Thursday was hard. I was suddenly very tired and just wanted to sleep although still legs felt fine. It was a very long and busy day too, not really stopping until 9pm when I couldn't be bothered to cook a meal. I ate rather too many biscuits for dinner, plus some leftover cauliflower!

Friday (today) I'm still sleepy but have been out for 4 miles. The autumn sunshine was so beautiful I just had to be out in it. Legs feel fine, feet a bit stiff and tired still and I need to resist the temptation to start training again. November I can start some kind of schedule but strength-based rather than running.
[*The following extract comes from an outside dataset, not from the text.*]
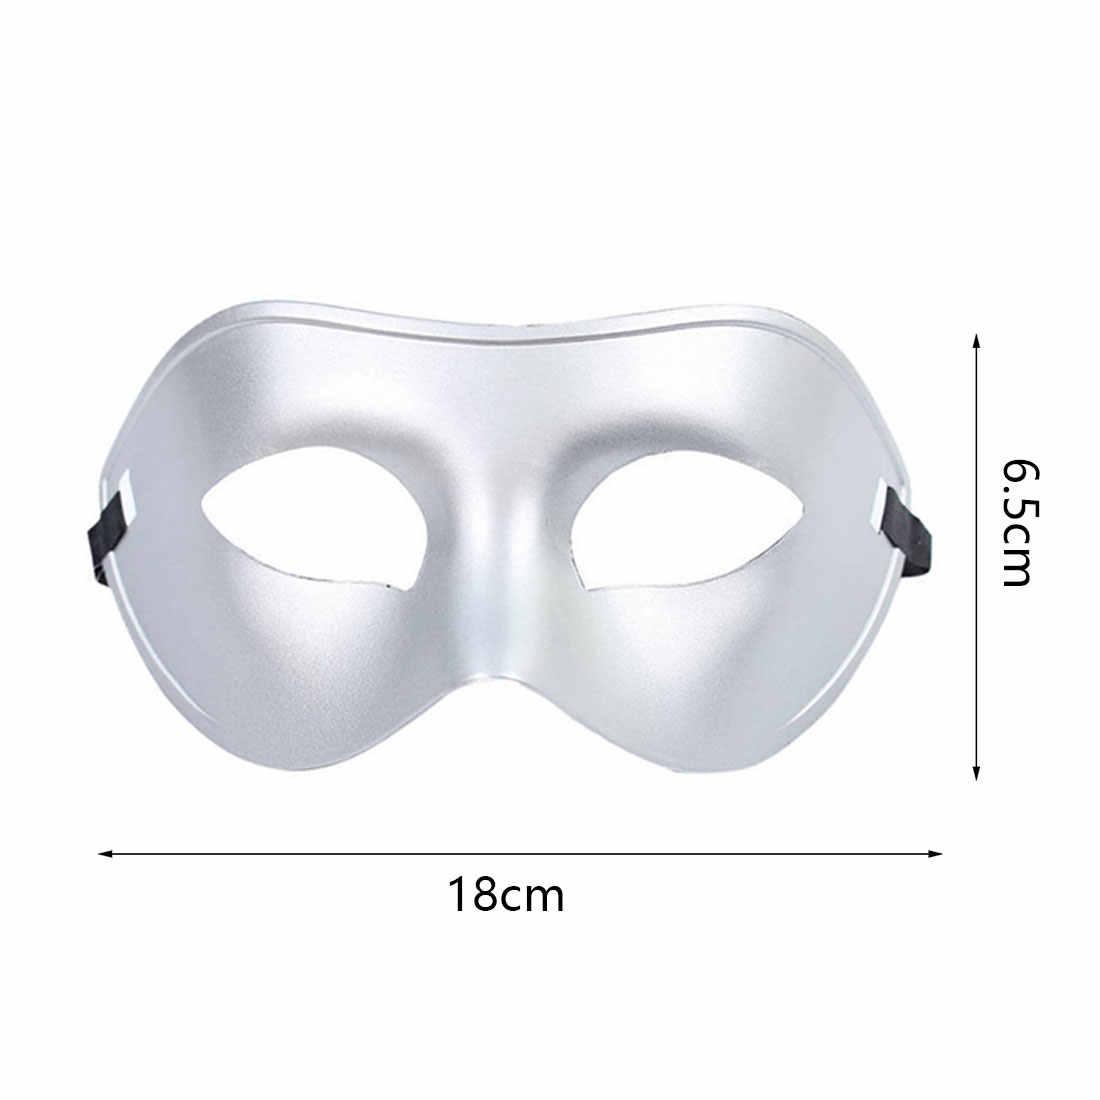 Pria Setengah Wajah Dicat Topeng Topeng Halloween Pesta Prom Masker Aksesoris Masker Mata Pria Jazz Bola Masker
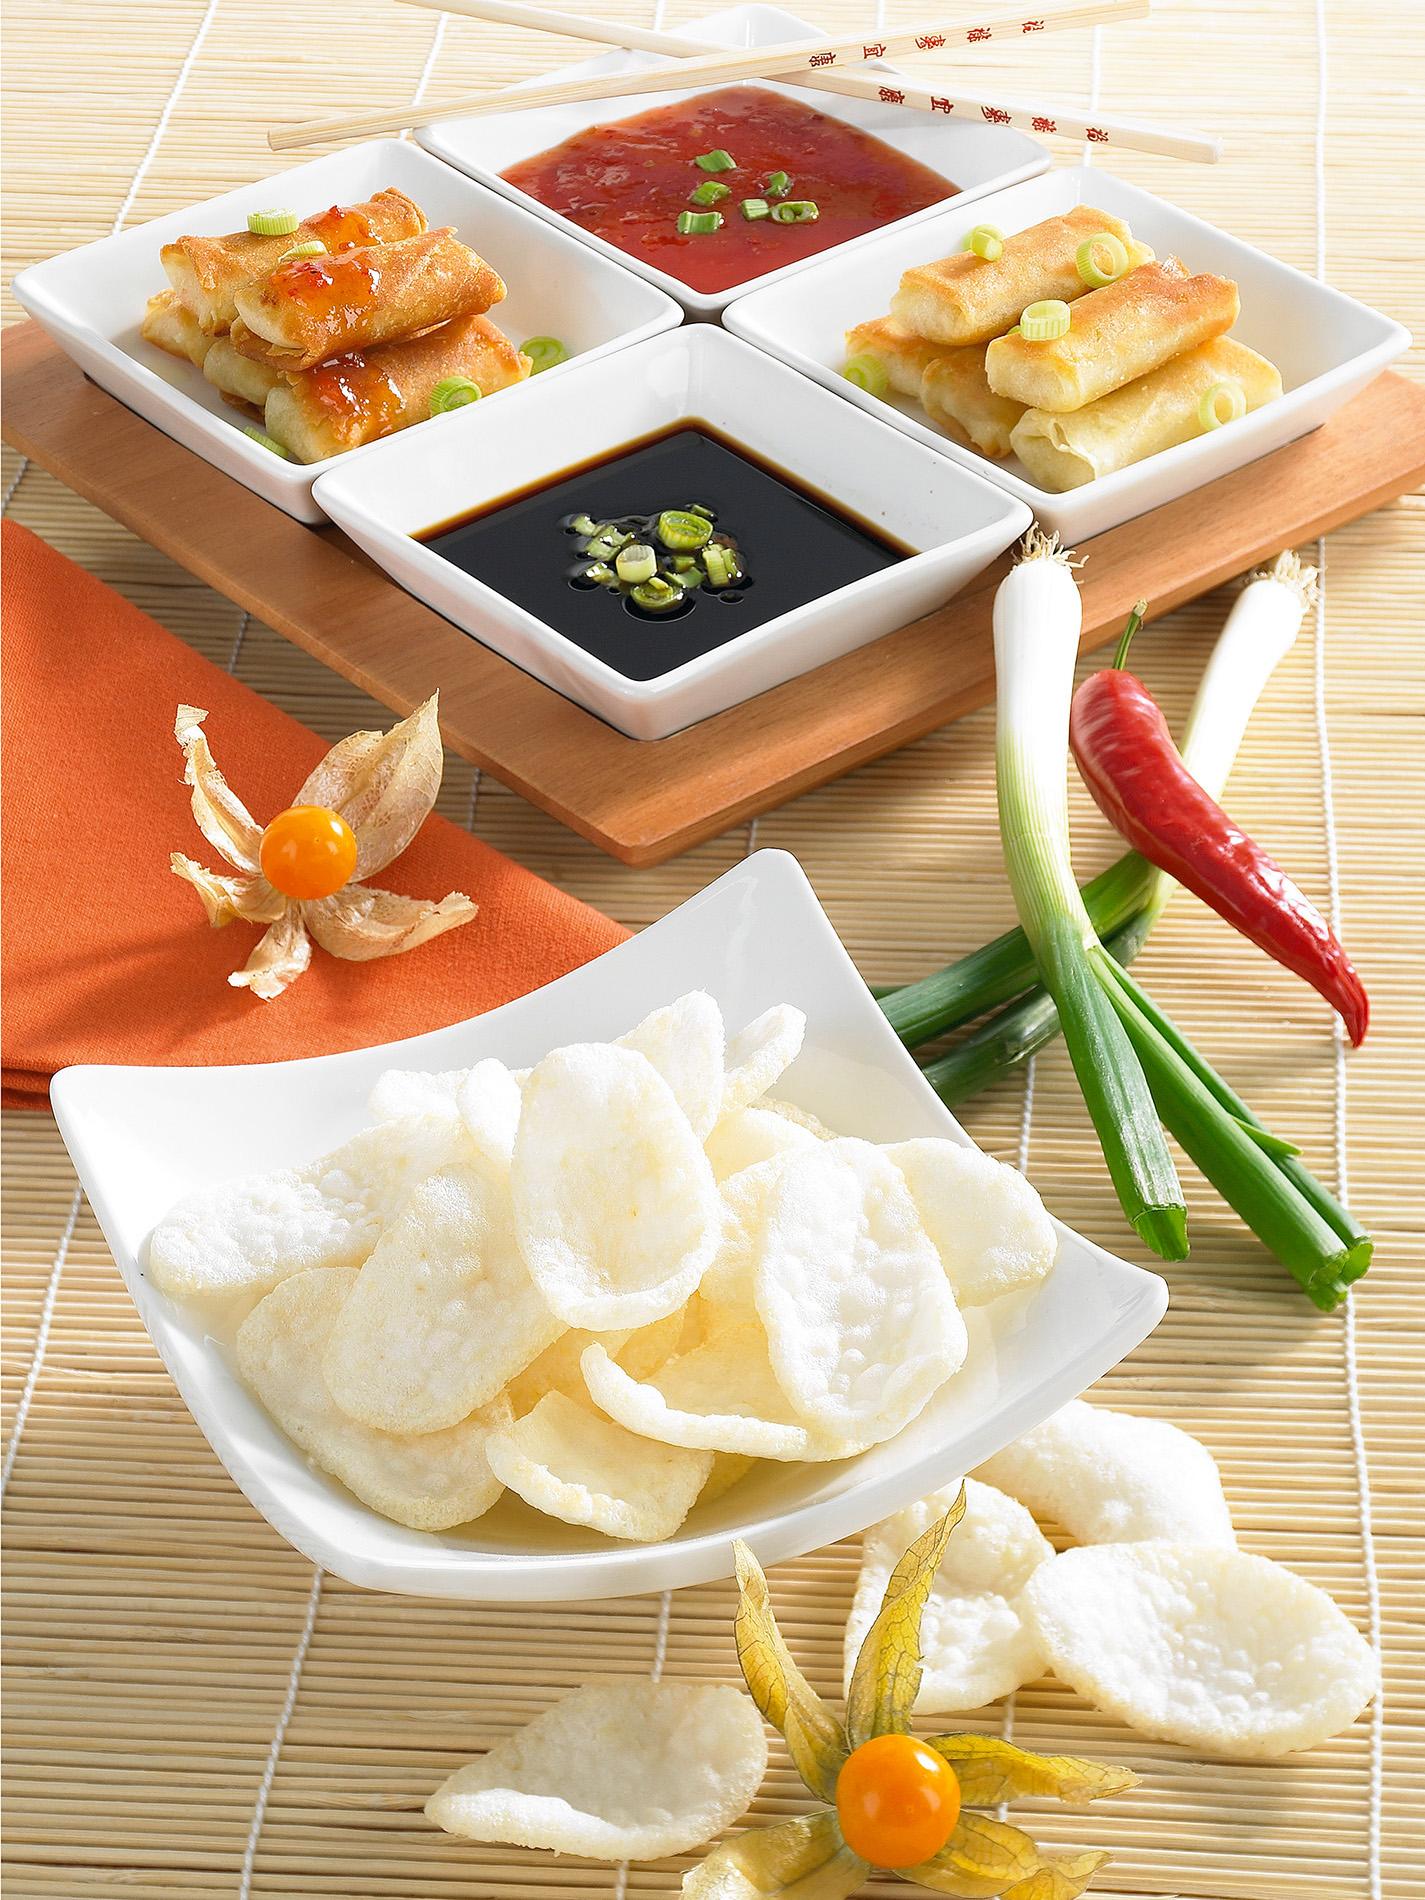 Fotodesign-matthias-schütz-asia-food

Being at work has been odd, jarring even. I do feel different after the weekend, not just because all my muscle seems to have disappeared, but actually changed as a person. It's as though that running experience was more real, more authentic than my usual daily life. There's no bullshit when you run that far. You are stripped back to essentials both in terms of what you have with you and as a person. Your job is to keep moving forward, to eat and drink, and to solve problems as they arise. That's it. There's nothing to hide behind, you can't fake any of it, you can't bluster or bluff your way through. As a result things feel and appear clearer, more simple. That is such a contrast to daily life even though I do my best to live a bullshit-free life. 'Real' life is still full of noise and clutter and the fact that to get by there's a lot of box-ticking and fakery.

I mentioned in the previous post about feeling outside of time and distance. That was beautiful. It was also surprising how neither time nor distance actually mattered or even felt meaningful. The sun rose higher and it set. Then it was dawn again. I had worried about managing such a long stretch of darkness but those 12-13 hours really didn't seem to last long. And actually I enjoyed being cocooned in the dark, following my little patch of light from the head torch. It could be isolating or disorientating not being conscious of passing hours and miles, but I found it made me feel far more connected to my surroundings, I felt a part of the landscape I was moving through. That's something I crave to feel again.

It's very hard to put into words what it feels like to run 100 miles. All I can say is that it is something that has the power to affect you in very deep and complicated ways.